Contemporary borders operate in ways that are more complex than in the past. They have been variously conceptualised as porous, shifting and solidified. Where a border may be open for some, for others it is an impenetrable wall. Combined with the mobility of geopolitical territorial formations that operate beyond legal frameworks, such as the formation of ISIS and the situation in Europe where borders are being opened and closed against agreed treaties, the very concept of the border is being radically questioned. We need new ways to make sense of these increasingly complex spaces. This proposal aims to develop a transdisciplinary research programme for mapping, analysing and intervening in border areas in the form of a digital atlas.
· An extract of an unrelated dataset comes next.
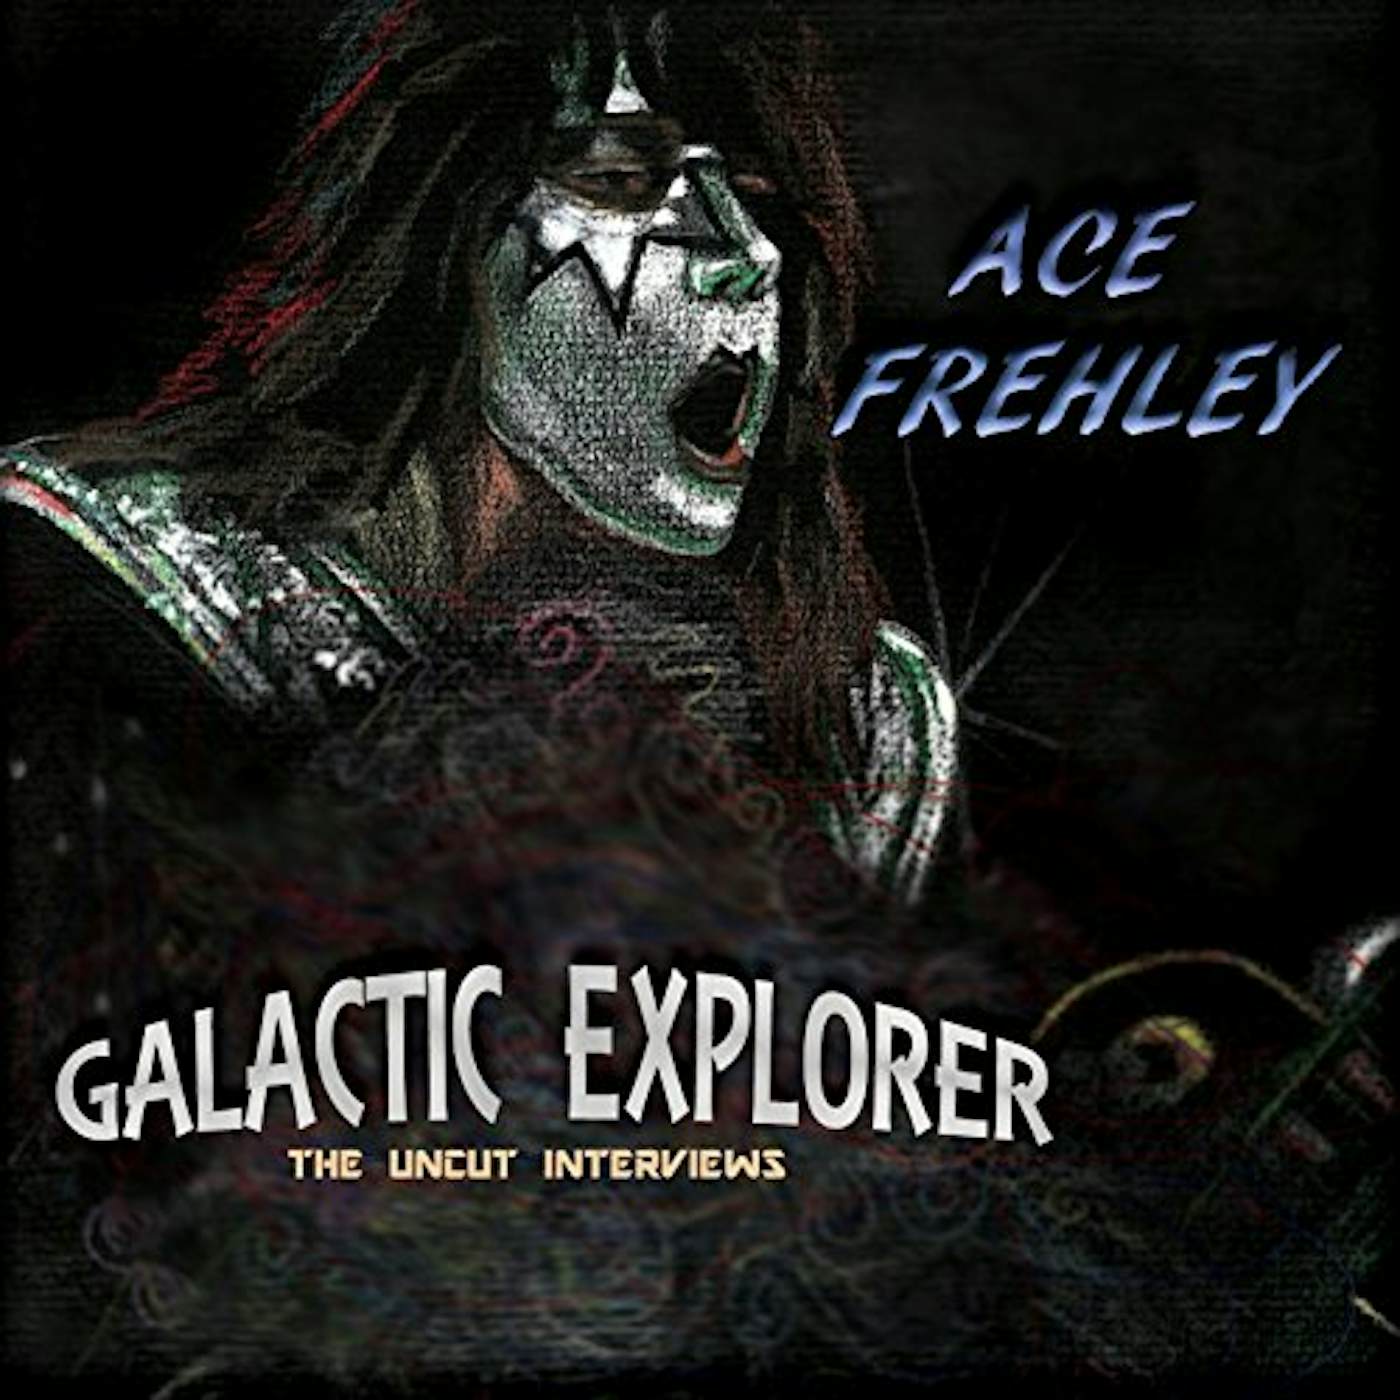 Ace Frehley GALACTIC EXPLORER: THE UNCUT INTERVIEWS CD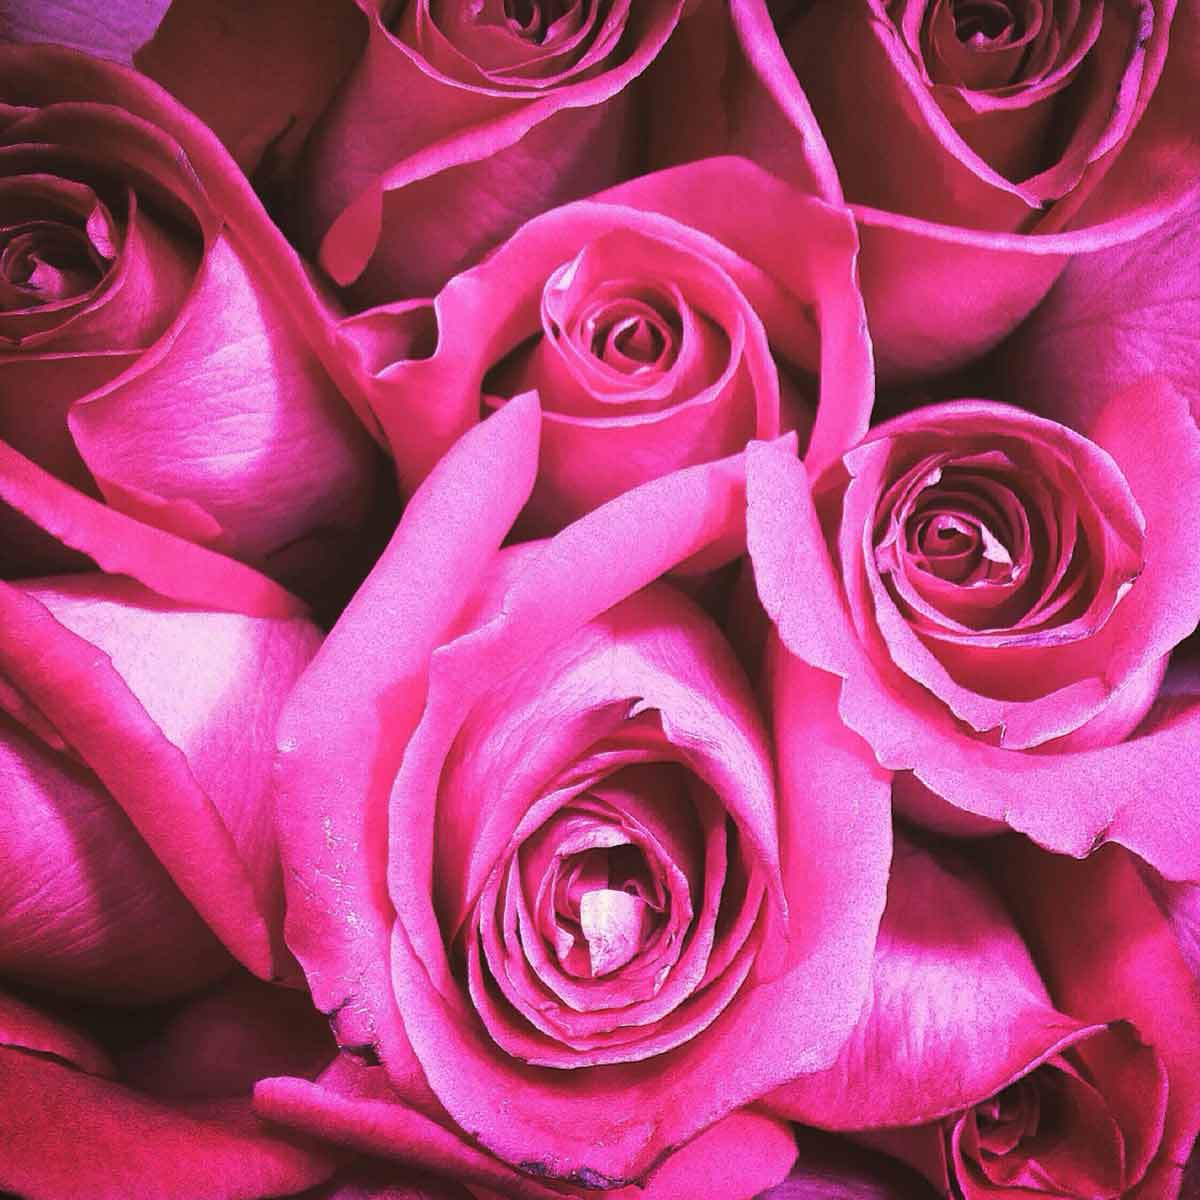 6 Hot Pink Roses in a Vase

Topological Atlas is developed as a methodology for producing visual counter-geographies at border sites. It is ground breaking in its use of digital technologies combined with a participative approach that attends to those who are at the margins of traditional geopolitical inquiry. The project uses topology as conceptual framework and methodology to make maps that produce ‘seamless transitions’ from the space of the migrant to that of the security apparatus that creates barriers to her movement. In doing so it seeks to disrupt the cartographic norms that are being reinforced through the prevalence of GIS technology and mapping platforms such as Google Earth. It investigates forms of visual and co-produced research adapted to situations of crisis and proposes a new model for researching border areas beyond the current top-down international relations or security perspective. At the same time it acknowledges the intertwined relationship between the practice of academic inquiry, the knowledge it produces and what such knowledge can do.
The project is organised around the following research question: How can mapping be used to represent borders as topological entities through the experience of those who encounter them?